CBS Television Quiz was the first live television game show ever to be broadcast regularly, running from July 2, 1941 to May 25, 1942 on the fledgling CBS Television network.[2] It was an in-house network production and broadcast in black and white. The host was Gil Fates, with Frances Buss as scorekeeper.

Game play[edit]

Not much is known about the format of CBS Television Quiz, however it has been noted for giving contestants the answers and requiring the questions, predating Jeopardy![3] As Merv Griffin was a teenager in San Francisco at the time, it is unlikely he was aware of it, although his future wife Julann may have seen it. According to Griffin, she had originally suggested the "answer-and-question" idea to him.

Broadcast history[edit]

Televised game shows prior to the debut of CBS Television Quiz were "test episodes" for experimental purposes; one of these was Truth or Consequences (NBC Radio, July 1, 1941), while a show called Spelling Bee was broadcast (BBC, 1938). Quiz was the first regularly scheduled quiz program, but not the first to be sponsored, and aired on Wednesdays at 8:30 PM EST.

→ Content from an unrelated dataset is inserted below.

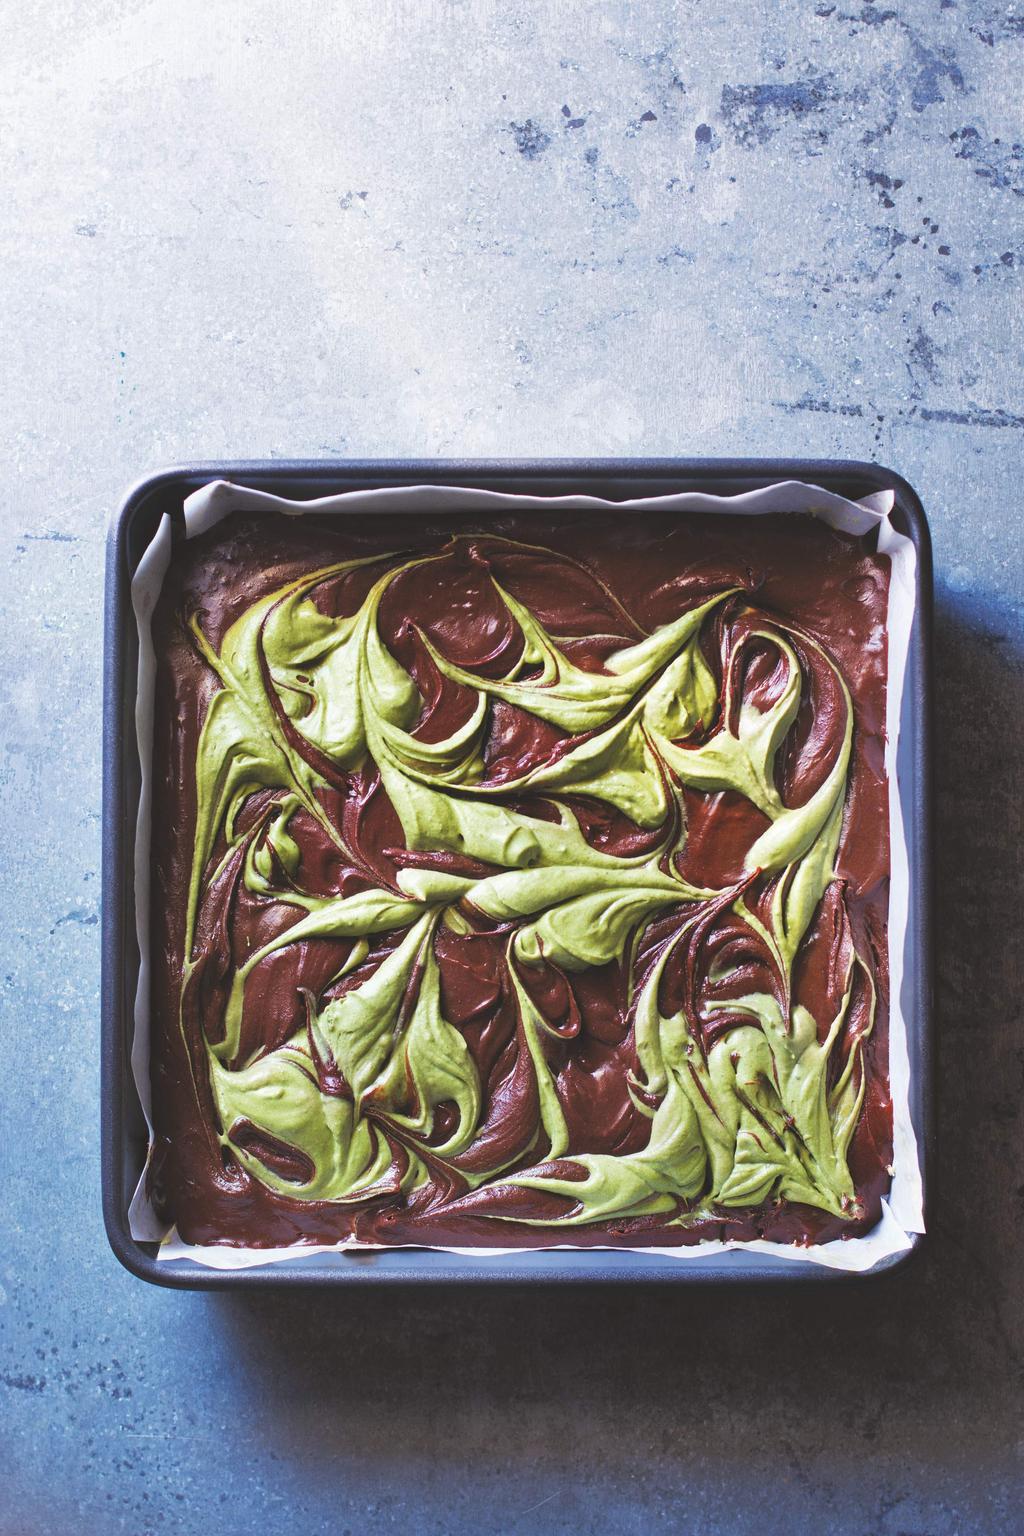 MATCHA BROWNIES 25 MINS 1 HOUR 14 BROWNIES - 1 cup of walnuts (or choice of your own) - ½ cup of almond butter - ½ cup of maple syrup - 6 pitted dates - ½ cup of slendertoxtea cocoa powder - 1 tsp

On October 2 the series moved to Thursdays, and on January 8 the show was reduced to 55 minutes for the network to present a five-minute news summary at 9:25 PM. Quiz moved to Mondays on February 2 and was now preceded by a civilian-defense program (later an American Red Cross program), which along with the news summary required the show itself to decrease to 50 minutes. The Red Cross program ended on March 30, allowing Quiz to re-expand to 55 minutes.

The series ended after 47 episodes on May 25, 1942 following a mandate two weeks earlier by the War Production Board to cease building television stations. Most of the shows then airing on both WCBW and WNBT, including Quiz, were removed in favor of war-related programming.

Fates would later produce and/or direct many Goodson-Todman game shows on the network (most notably What's My Line?), while Buss (later Frances Buss Buch) became CBS' first female director.

Episode status[edit]

CBS Television Quiz was aired live, prior to the adoption of kinescopes for recording programs and long before videotape. The show does not have any extant audio recordings or photographs, making it one of the few game shows to be completely lost.

References[edit]

  1. ^ "Status Guide – "CBS Television Quiz"". Television Obscurities. Retrieved 10 August 2010. 
  2. ^ "Television Obscurities - Television Programs in 1941". Television Obscurities. Retrieved 10 August 2010. 
  3. ^ Abelman, Robert (1998). Reaching a Critical Mass: A Critical Analysis of Television Entertainment. L. Erlbaum Associates. p. 270. ISBN 978-0-8058-2199-4.